In the ADF, you could say the Chief of the Defence Force is formally the 'leading military planner', given he is the one who provides military advice to the Government and 'owns' Joint Operations Command. In practical terms though, the Chief of Joint Operations has carriage of developing operational plans, so he is really the ADF's leading military planner.

Service chiefs would have input into the plans as they are developed, but they aren't planners in their own right. They have a 'raise, train and sustain' responsibility, but not a operational military planning function.

So when The Australian penned this exclusive expose of Prime Minister Tony Abbott's plan to invade Iraq, I was intrigued.

According to the story, the PM raised an operational planning idea in his office and then sought the advice of Australia's 'leading military planners'. Not the normal way of doing things, for sure, but plausible.
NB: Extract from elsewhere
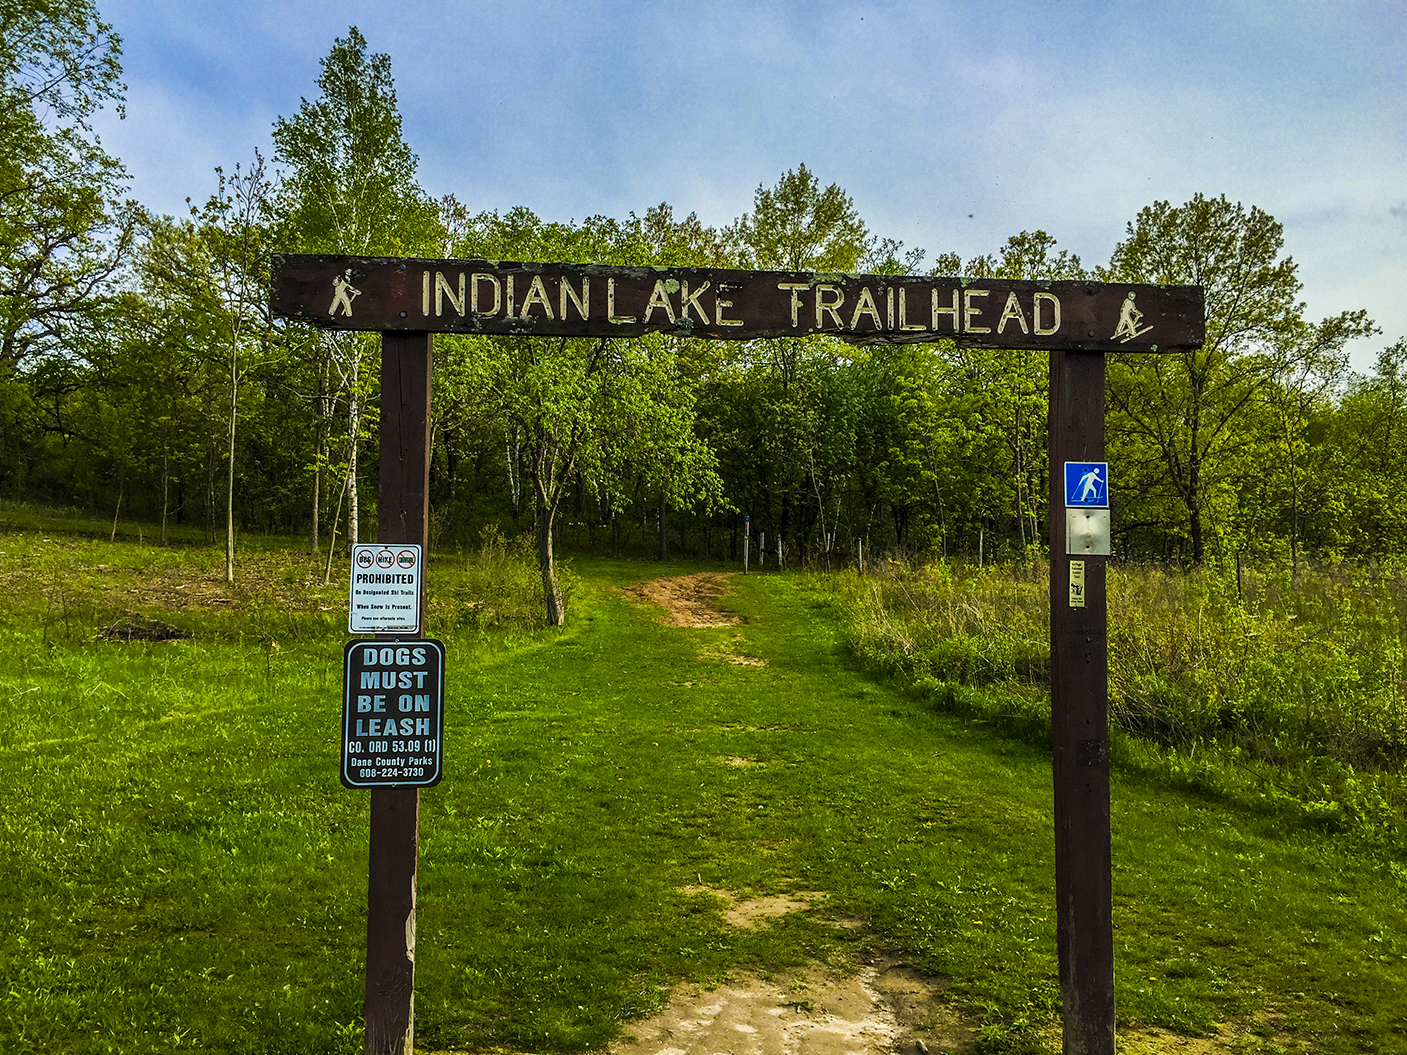 The Ice Age Trail at Indian Lake County Park in Dane WI

By the time I got to the second paragraph, however, my 'sloppy journalism' warning light began flashing. And when I noticed that the article failed to define who 'Australia's leading military planners' were, the light stopped flashing and just stayed on.

Then the Chief of Defence Force weighed in to say the matter had never been raised with him formally or informally, and the vultures began to circle over the entrails of The Australian's sensational but poorly researched exclusive.

I assumed that a correction would ensue and that the journalist would have been advised by a military planner of the dictum that one should 'never reinforce failure'. So when The Australian clarified the situation this weekend I was somewhat surprised to find more imprecision and hype.

The previously reported 'unilateral invasion of Iraq' that was discussed with 'leading military planners' was now a dinner party discussion where the PM expressed frustration at the slow pace of deployment of ADF elements into Iraq (damn that Iraqi sovereignty issue) and perhaps asked aloud why we couldn't just take Mosul quickly. The main guest was the Chief of Staff of the US Air Force, who The Australian breathlessly claimed was 'the Pentagon's senior official overseeing the US-led war against Islamic State in Iraq'.

Even though the term 'overseeing' is left undefined, I'm pretty sure that the senior Pentagon official overseeing the war would be the Chairman of the Joint Chiefs of Staff. The Chief of Staff of the Air Force provides air force capabilities to the CENTCOM commander (based in Florida), who actually oversees the operational conduct of the war. The US Navy, Army and Marine commanders do the same for their service branches.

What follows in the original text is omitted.